Allbirds' first-quarter 2024 results reflect the company's execution against its strategic transformation plan. Revenue declined 27.6% year-over-year to $39.3 million, primarily due to lower overall demand, the company's decision to return to full-price selling, and the impact of international distributor transitions and retail store closures.

However, Allbirds' gross margin expanded significantly, reaching 46.9% in the first quarter, up from 40.1% a year earlier. This improvement was driven by initial product cost savings from the company's factory shifts and materials innovation, a healthier inventory position, and the return to full-price selling.

Operating expenses, excluding stock-based compensation and depreciation and amortization, decreased 1% year-over-year to $32 million, reflecting lower payroll and occupancy costs, as well as ongoing cost discipline. The company incurred $2 million in one-time cash charges related to store closures during the quarter and expects to incur additional charges this year.

Allbirds ended the first quarter with $102.1 million in cash and cash equivalents and no outstanding borrowings under its credit facility. The company's inventory levels were down 45% year-over-year, reflecting a healthier position following the inventory reset in 2023.

Outlook

For the full year 2024, Allbirds expects revenue to be in the range of $190 million to $210 million. This guidance reflects a headwind of $32 million to $37 million related to the company's strategic actions, including store closures and international distributor transitions.

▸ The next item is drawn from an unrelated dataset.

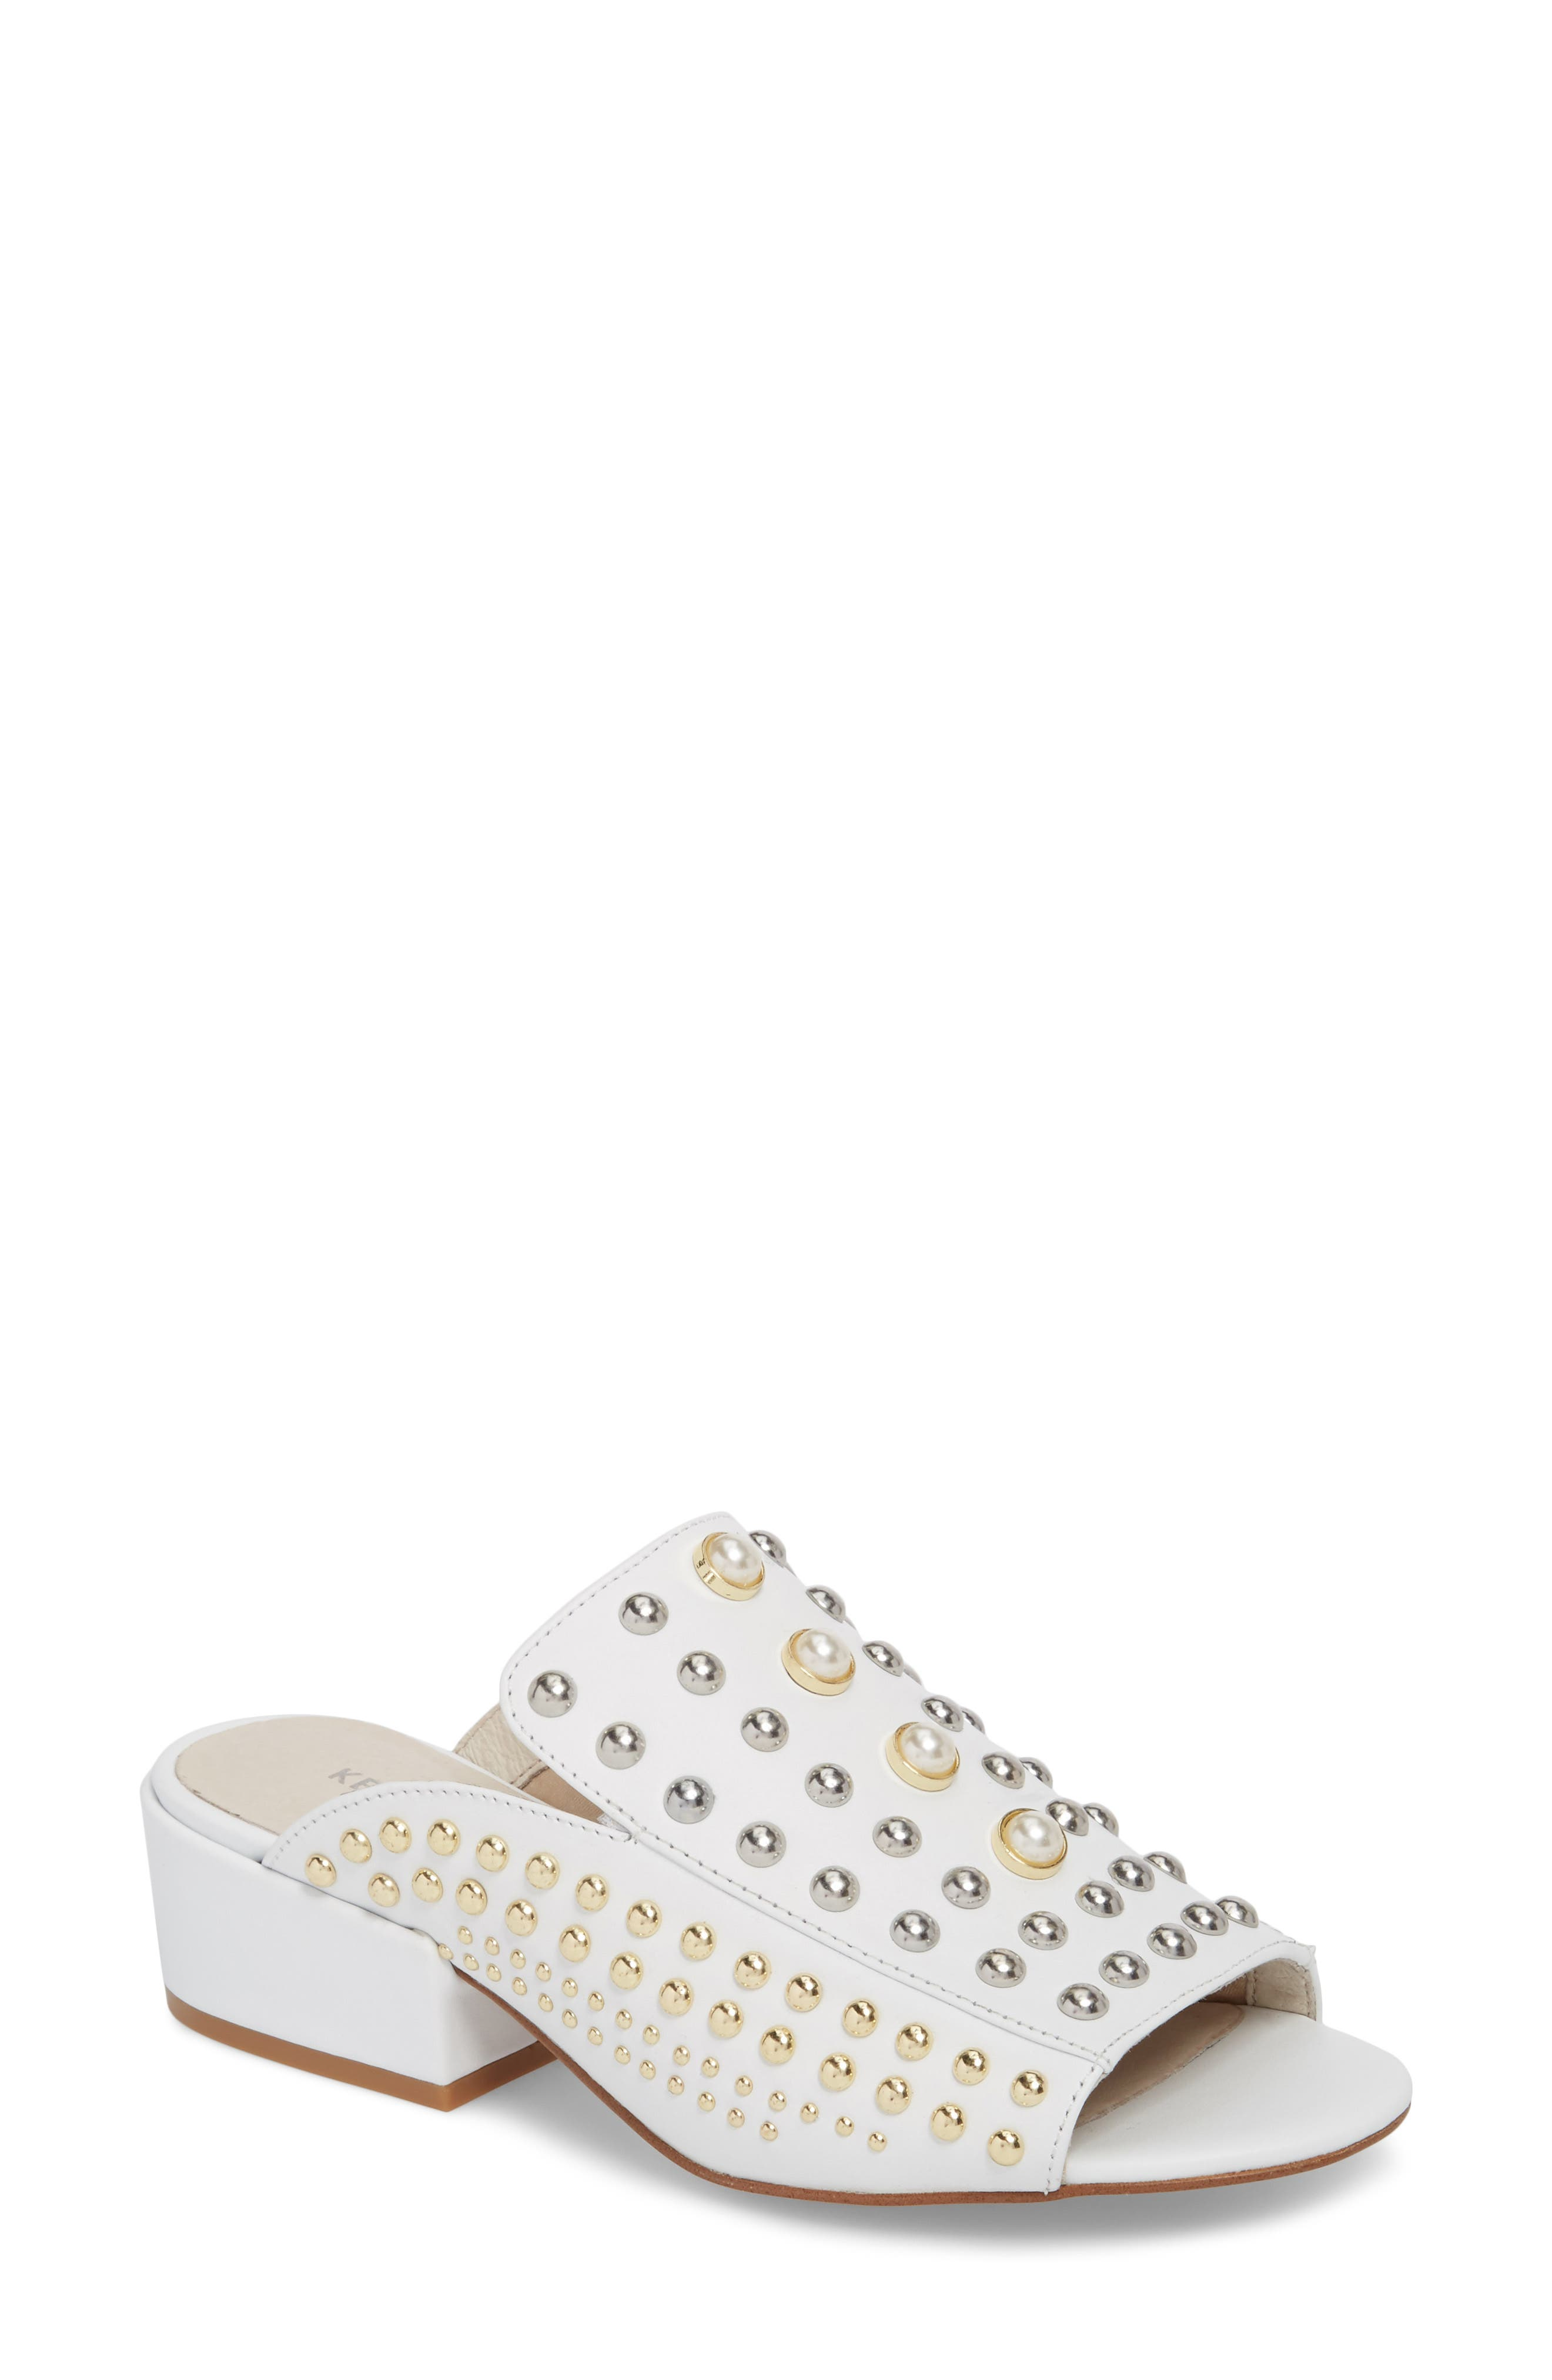 Kenneth Cole New York Farley Studded Slide Sandal (Women)

Geographically, Allbirds expects full-year U.S. revenue to be $150 million to $165 million, including a $7 million to $9 million impact from store closures. International revenue is expected to be $40 million to $45 million, including a $25 million to $28 million impact from the international distributor transitions.

Gross margin is expected to be in the range of 42% to 45% for the full year, reflecting reduced promotional intensity, lower inbound and outbound freight, and initial savings from the company's factory shift and material innovation efforts. These benefits are expected to be partially offset by lower gross margins from international regions that have transitioned or are planned to transition to a distributor model.

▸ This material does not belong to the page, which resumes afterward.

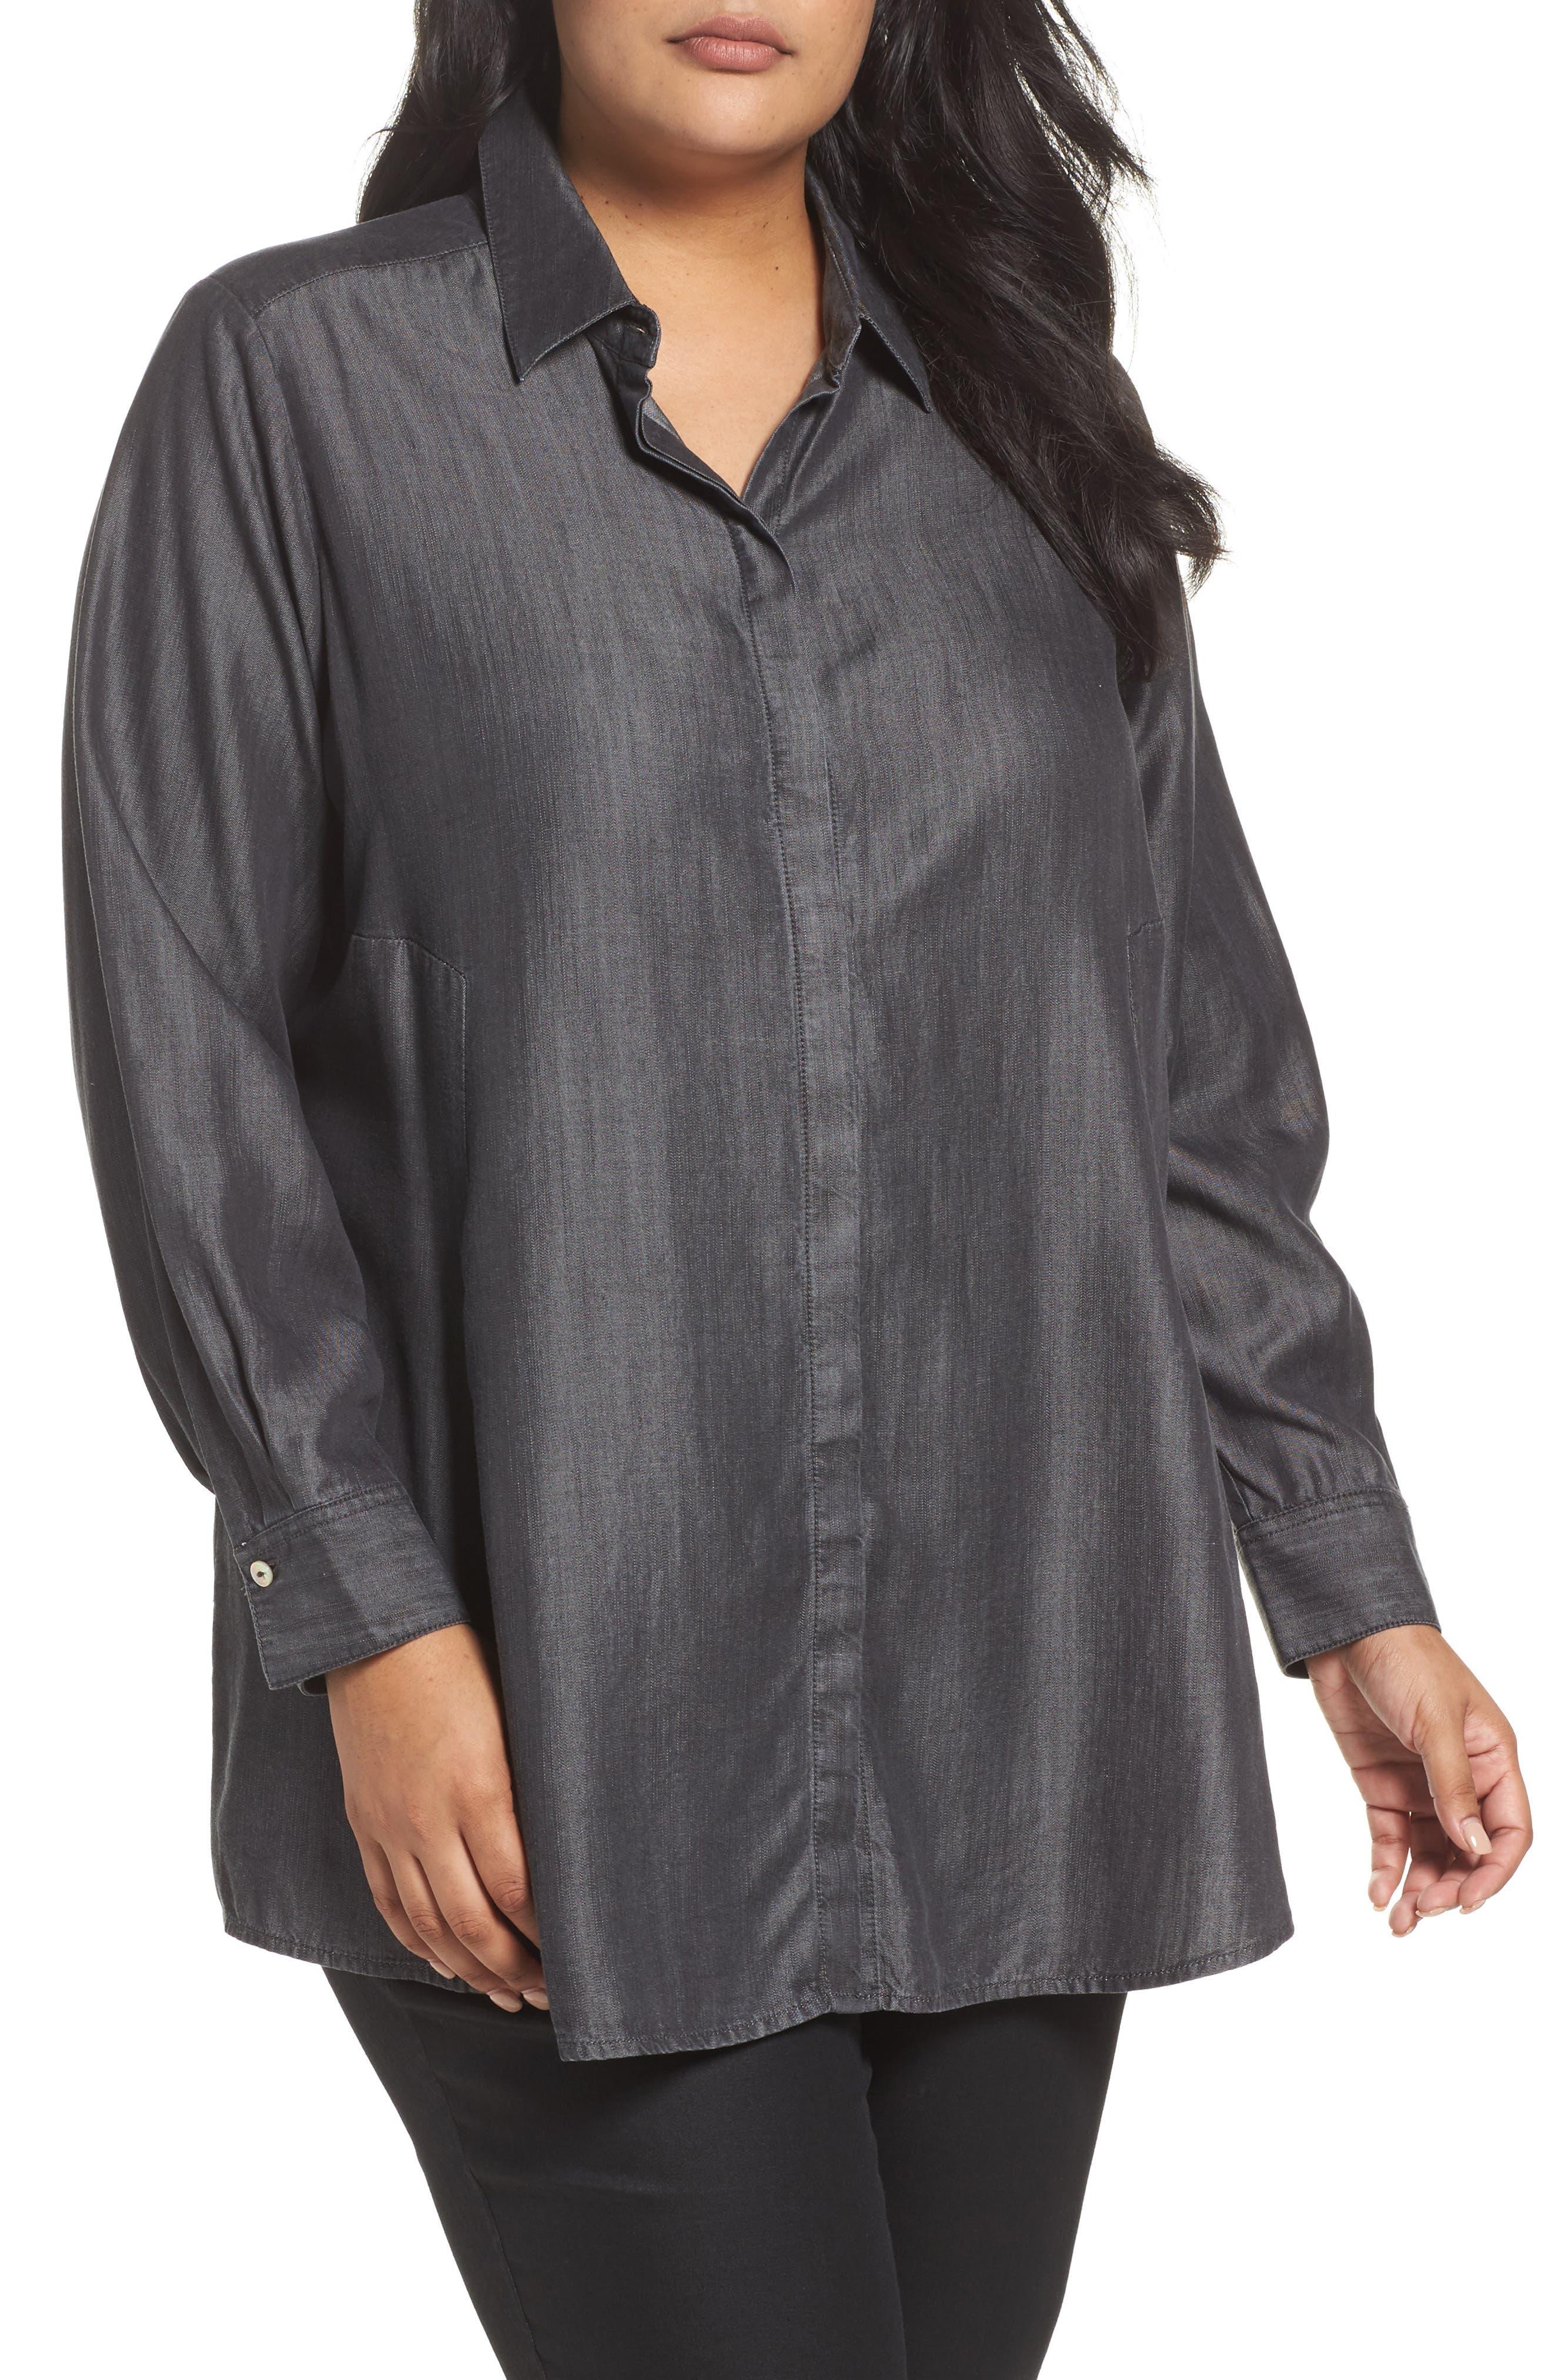 Alternate Image 1 Selected - Foxcroft Chambray Tunic (Plus Size)

Allbirds expects its full-year adjusted EBITDA loss to be in the range of $78 million to $63 million.

For the second quarter of 2024, the company expects revenue to be between $48 million and $53 million, with an adjusted EBITDA loss of $20 million to $17 million.

Risks and Challenges

Allbirds operates in a highly competitive footwear and apparel market, facing competition from both established players and new market entrants. The company's focus on sustainable materials and manufacturing processes may increase its cost of revenue and hinder its revenue growth, as it may be challenging to source enough sustainably sourced high-quality materials to support the company's growth and achieve its sustainability goals.

Additionally, Allbirds' transition to a distributor model in certain international markets may not be successful, and the company may be unable to effectively manage the profitability of its existing fleet of retail stores or efficiently manage any retail store closure process.

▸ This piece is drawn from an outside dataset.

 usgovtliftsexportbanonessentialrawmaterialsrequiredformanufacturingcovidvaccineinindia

The company's ability to attract and retain key personnel, particularly in the areas of design, innovation, and sustainability, is also critical to its success. Allbirds' status as a public benefit corporation and a certified B Corporation may also present unique risks and challenges, as the company must balance the interests of its stockholders, other stakeholders, and its public benefit purpose.

Conclusion

Allbirds is navigating a challenging period as it executes its strategic transformation plan, but the company's commitment to sustainability and product innovation remains a key differentiator in the footwear and apparel market. While the company faces near-term headwinds, its focus on reigniting its product and brand, optimizing its distribution, and improving cost and capital efficiency could position it for long-term success. Investors will want to closely monitor Allbirds' progress in implementing its strategic initiatives and its ability to return to topline growth and profitability in the coming years.